I’ve had occasion to revisit my earlier quandary about the raccoons and the possums. We used to have possums, now we have raccoons. I have a new theory as to why. Possibly the raccoons evicted the possums from the yard until they agree to quit hanging by the tail. Raccoons couldn’t hang from their tails if they tried, but the very idea of it makes them all squirmy. From the raccoons’ point of view, it simply can’t be borne.

I’m basing this hypothesis on the news today that Vermont is all in an uproar again over gay marriage. They’ve had legal civil unions there for nine years, and evidently a whole lot of Vermonters haven’t gotten used to it. Maybe they don’t get out much. This week the state is considering a bill that would allow same-sex marriage. Protesters are converging on the Capitol with signs reading “Marriage–A Mother And Father For Every Child.” When Dave and I got married, we were unaware that procreation was required. It isn’t something we’d had in mind. At first, people asked us when we were going to have children. That line of inquiry started to peter out when we told them we’d been to a genetic counselor and found out that there was just too much risk the child would end up something like us. And no one asked us anymore after Dave started explaining that you couldn’t make babies with spit. Aaany-hoo.

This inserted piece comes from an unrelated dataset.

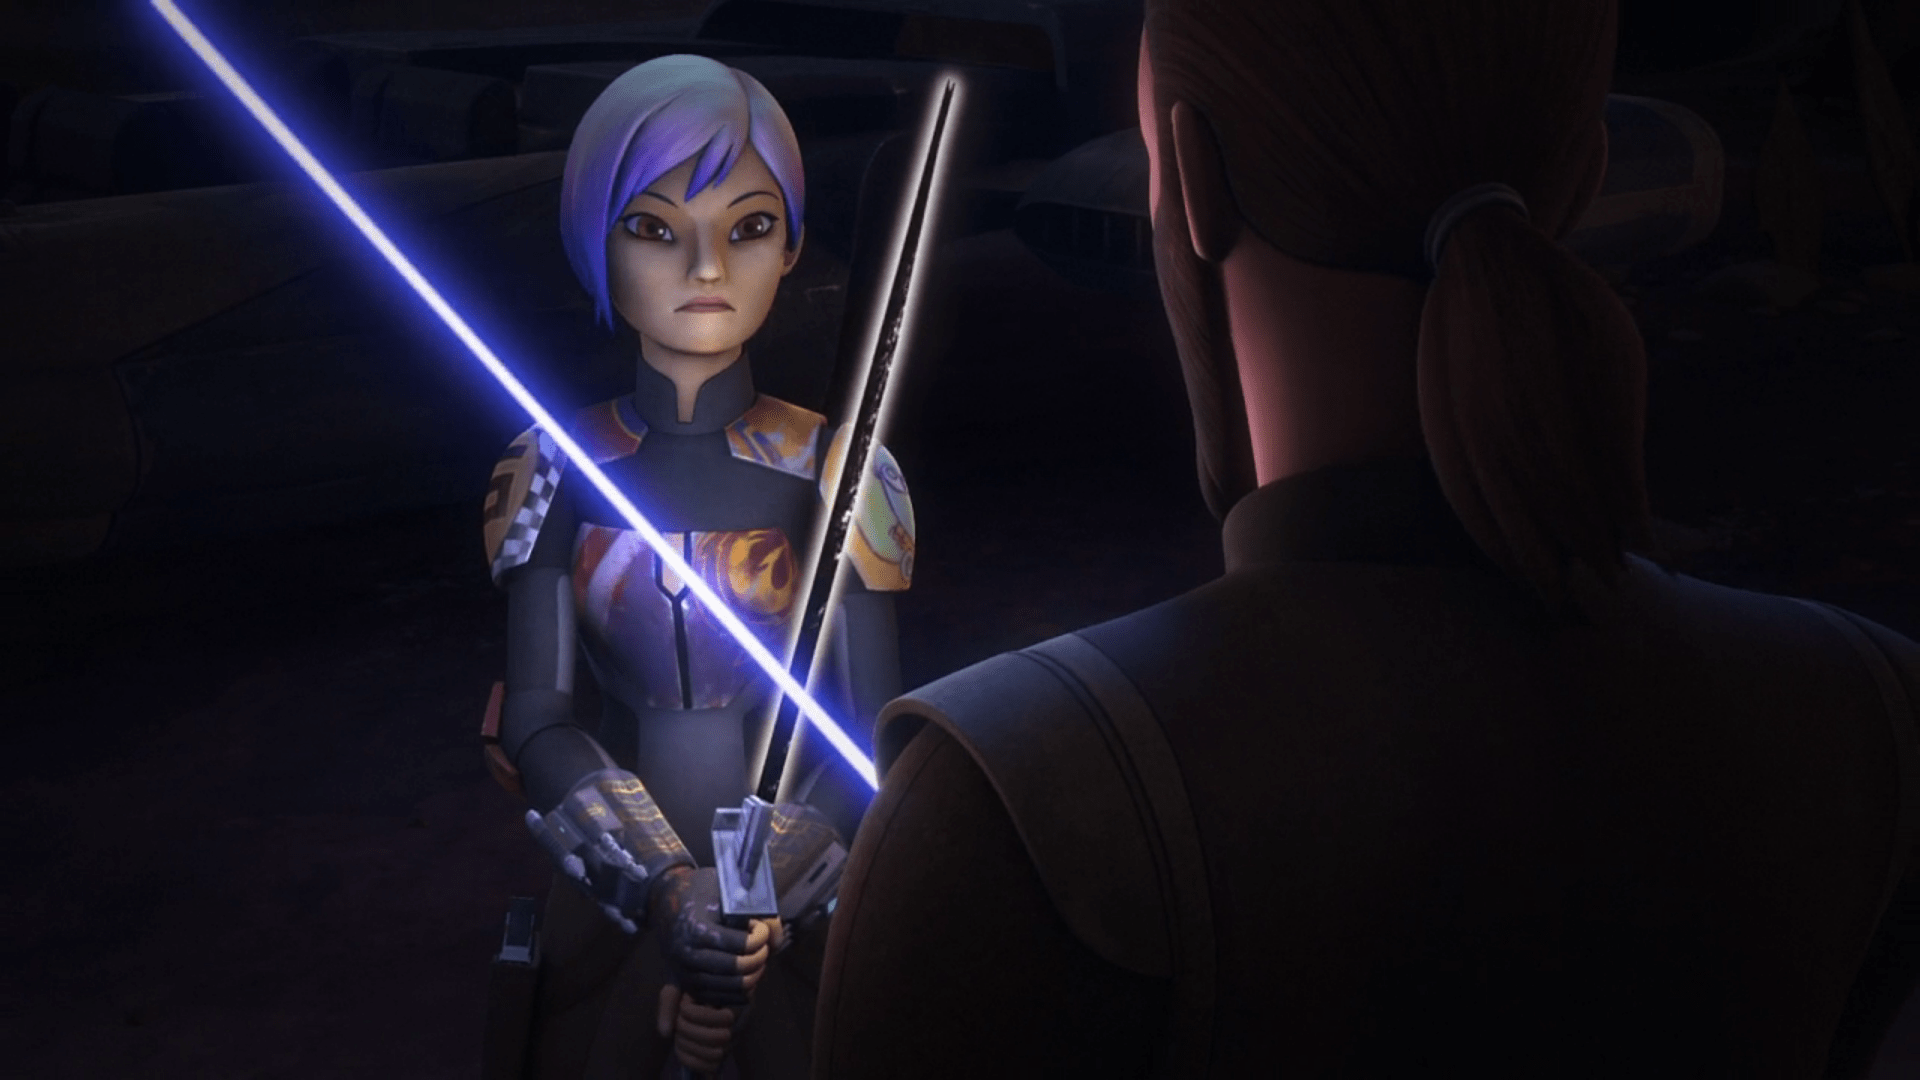 Star Wars Rebels Review: “Trials of the Darksaber”

I guess we’ll have to forgo travel to Vermont in case they snatch back our marriage license for lack of spawn. I’ve never really understood all this uproar. It’s truly baffling. Somehow I get the idea that folks think same-sex marriages are so attractive that their children will be vacuumed right up into one, emerging with good taste and a lively sense of humor, and then where will we be? But it isn’t catching. (It’s a gift.) In the article, it is explained that opponents of same-sex marriage believe it will “render men and women interchangeable.” Well, that clears it up. It’s a real concern. Right there in Vermont, a young fellow was recently fined for shooting a doe illegally. He went to a considerable amount of trouble to drill and fasten a rack of antlers to it with lag bolts and epoxy, and tried to pass it off as a buck. So you can see people aren’t making this stuff up; they see it every day.

Still, it all makes me a little cranky. I’m assuming that all the people who feel this way will eventually wander to the ends of the earth and fall off, and the rest of us will have our nicely spinning planet to ourselves. As to the possums, as far as I’m concerned, they can come back any time. I don’t care how they’re hanging.